Ha sido un mes duro por las muertes de varias figuras indispensables de la historia del cine. Nuestra memoria no sólo está hecha de cuanto vivimos, sino también de lo que leímos, escuchamos y vimos. Nuestra memoria, la del hombre de estos tiempos, es un conglomerado de cómics, películas, novelas, cuentos, canciones, videoclips. Por eso quisiera rendir homenaje a estas figuras dando un par de pinceladas con los recuerdos más gratos que sus respectivos trabajos dejaron en mi memoria.
Éramos niños y nos llevaron, a mis hermanos, a algunos de mis primos y a mí, al reestreno o la reposición de “El Álamo”. En un cine de Madrid, probablemente de la Gran Vía. Lo único que recuerdo de ese viaje es el interior: la sala oscura, mi primo a mi lado, el rostro de mi madre y de una de mis tías y, sobre todo, la película. El resto (la fecha, el clima, el motivo del viaje a la capital) se ha diluido para siempre. En aquellos tiempos el juego infantil consistía en querer ser uno de los personajes de la película. Nos gustaba elegir al héroe, en este plan: “Me pido ser Luke Skywalker”, y el otro respondía: “Bueno, pues yo me pido Han Solo”. Hoy me sonrojo al rememorarlo. Durante la proyección de “El Álamo” dije: “Me pido ser Davy Crockett”. Vi en Crockett a un héroe de gran fortaleza, encarnado por John Wayne, que era y será siempre uno de los grandes del western. Entonces mi primo dijo que él era Jim Bowie, o sea, Richard Widmark, al que nosotros conocíamos como “el del cuchillo”. Recuerdo la frase enérgica de Widmark (“¡Acuchillar, espolear, Will!”) en esta película y recuerdo que sentí envidia de mi primo porque el tipo del cuchillo era más guerrero, más agresivo, menos plano. Quizá fue a partir de entonces cuando empecé a advertir que los héroes más interesantes no son los que presentan un despliegue de virtudes sin debilidades ni defectos, sino precisamente aquellos que ostentan claroscuros. Wayne estaba en el primer caso y Widmark en el segundo. Ese es mi primer recuerdo de Richard Widmark. De Paul Scofield conservo algunas huellas más tempranas en la memoria, pero donde me hizo mella fue en “Quiz Show”, en la que encarnaba a un respetable poeta y escritor entrado en la tercera edad y padre del hombre que es comprado para amañar un concurso de la televisión. Scofield era el padre, en la ficción, de Ralph Fiennes.

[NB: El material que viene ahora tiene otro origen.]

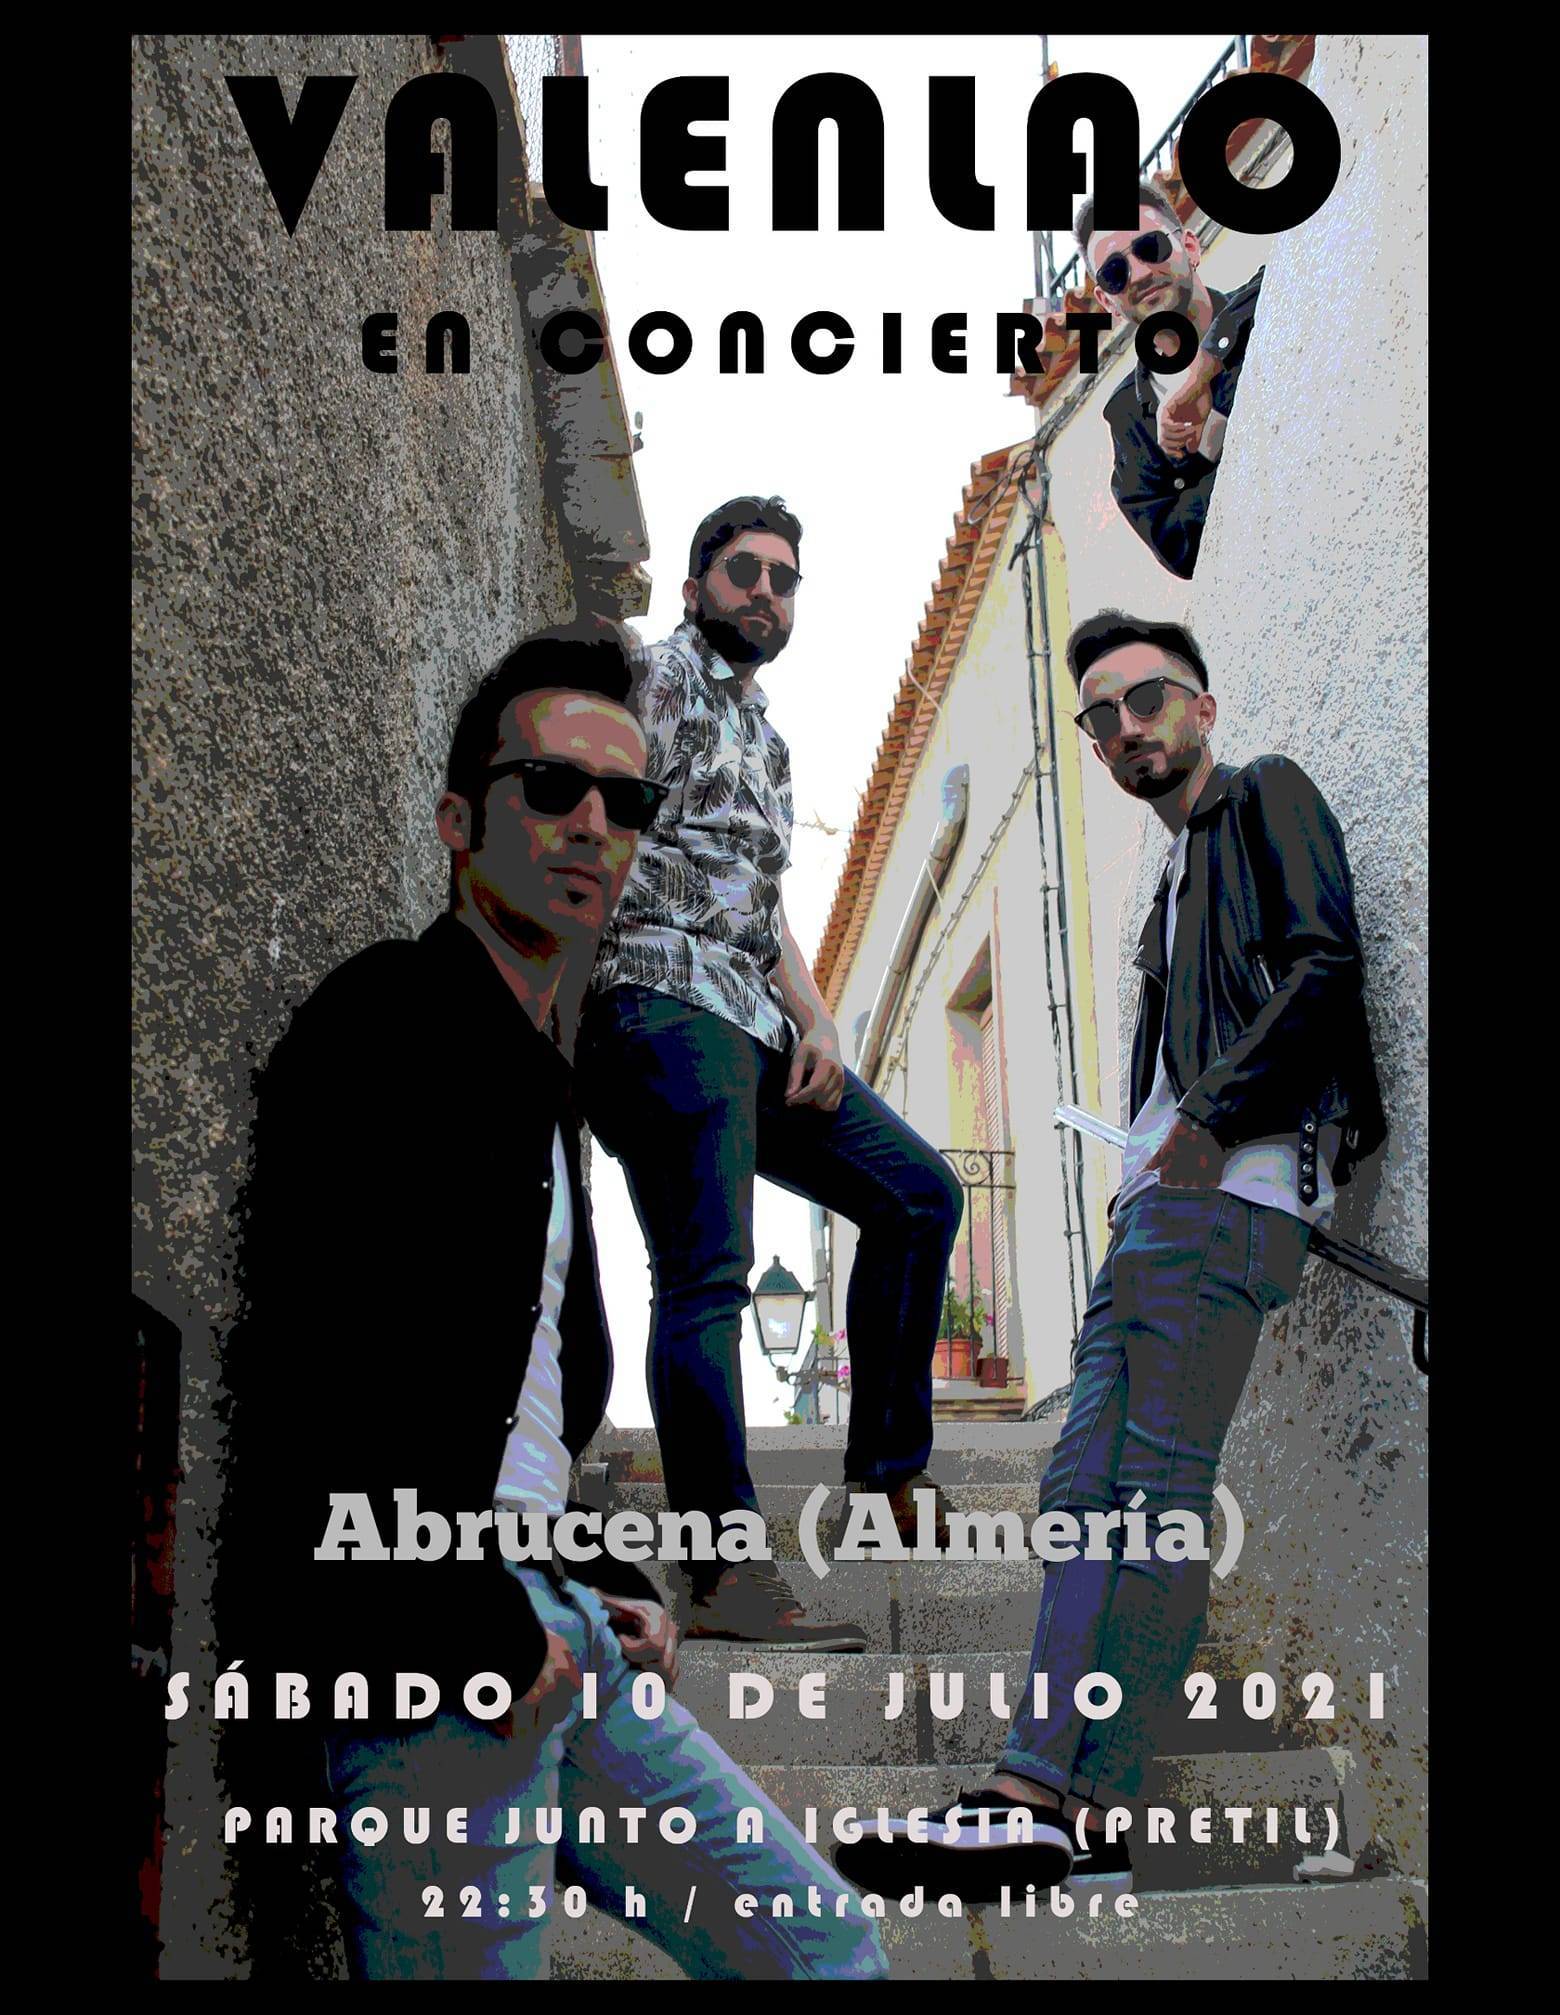 Valenlao en concierto (2021) - Abrucena (Almería)
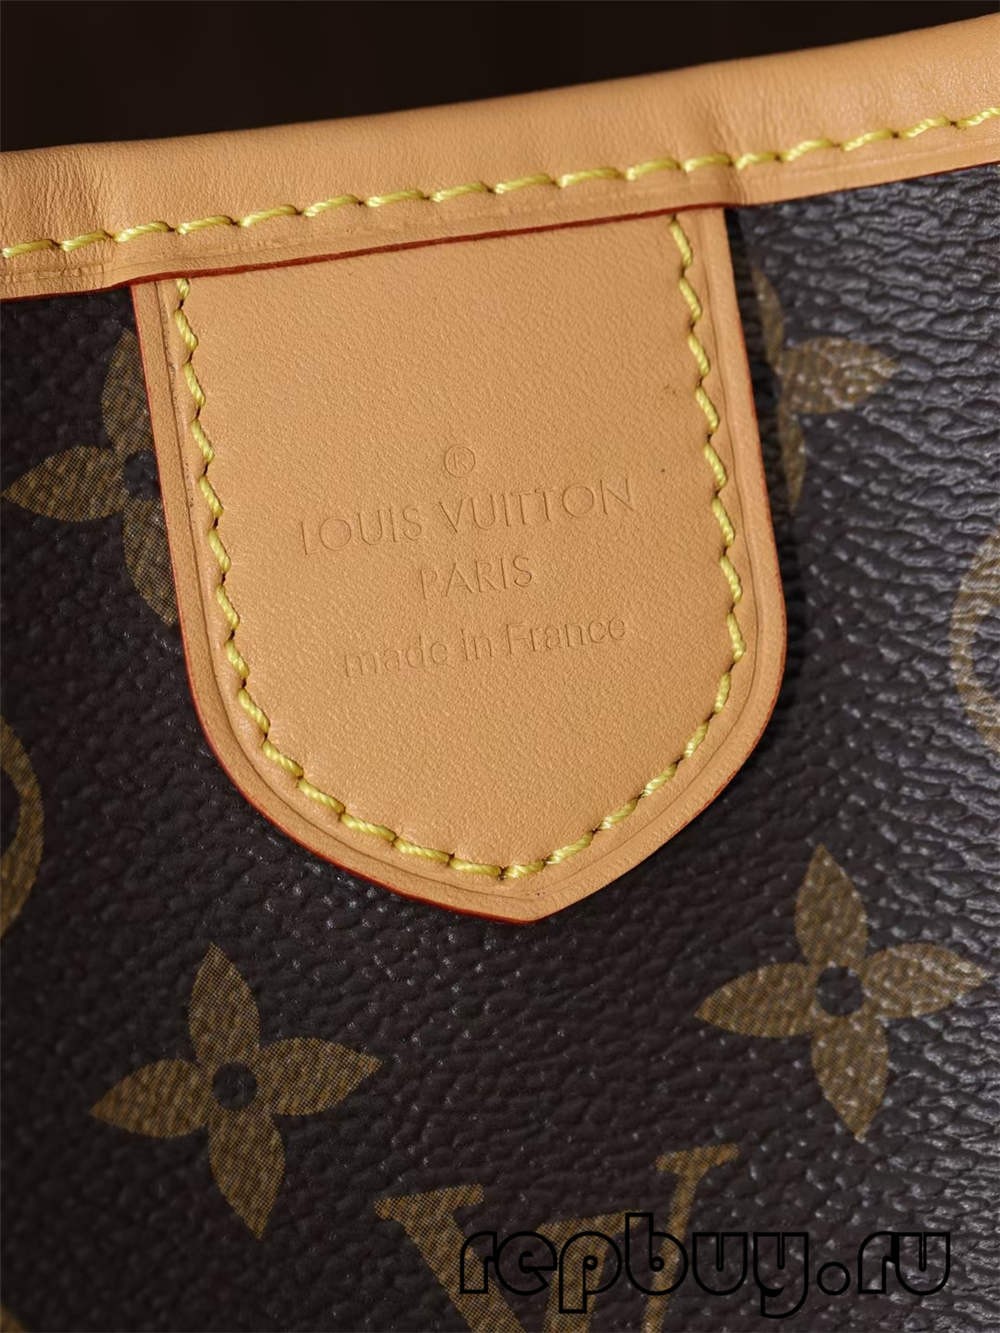 Louis Vuitton Re Fabrication yepamusoro mhando replica mabhegi (2022 Azvino)-Yakanakisa Hunhu Fake Louis Vuitton Bag Online Store, Replica mugadziri bag ru

Cuando uno se imagina a los escritores y poetas de setenta años, se los imagina como en ese retrato que hizo Scofield de Mark Van Doren: elegantes, sobrios, precisos, dignos, orgullosos. Es inolvidable la escena en la que Van Doren le grita a su hijo: “¡Tu nombre es el mío!”, reprochándole que manchara el apellido familiar con su participación en el concurso amañado.
Y Ralph Fiennes nos conduce a otra de las figuras fallecidas en días pasados: Anthony Minghella, quien lo dirigió en “El paciente inglés”, película que para unos es un tostón y para otros es un gran filme (me incluyo en el segundo grupo). Estaba terminando el último año de mi carrera en Salamanca cuando se estrenó en España. Es la mejor obra de Minghella y para mí es importante por varias cuestiones: me hizo leer la novela de Michael Ondaatje en la que se basa, me descubrió al compositor Gabriel Yared y me confirmó la versatilidad de un actor (Fiennes) capaz de innumerables registros, porque había rodado seguidas “La lista de Schindler”, “Quiz Show”, “Días extraños” y “El paciente inglés”. Y luego está Rafael Azcona. Sin su presencia el cine español no se entiende. De crío vi muchas de las películas que escribió, sin entender ninguna. Pero me fascinaba “La miel”. Por Jane Birkin, claro.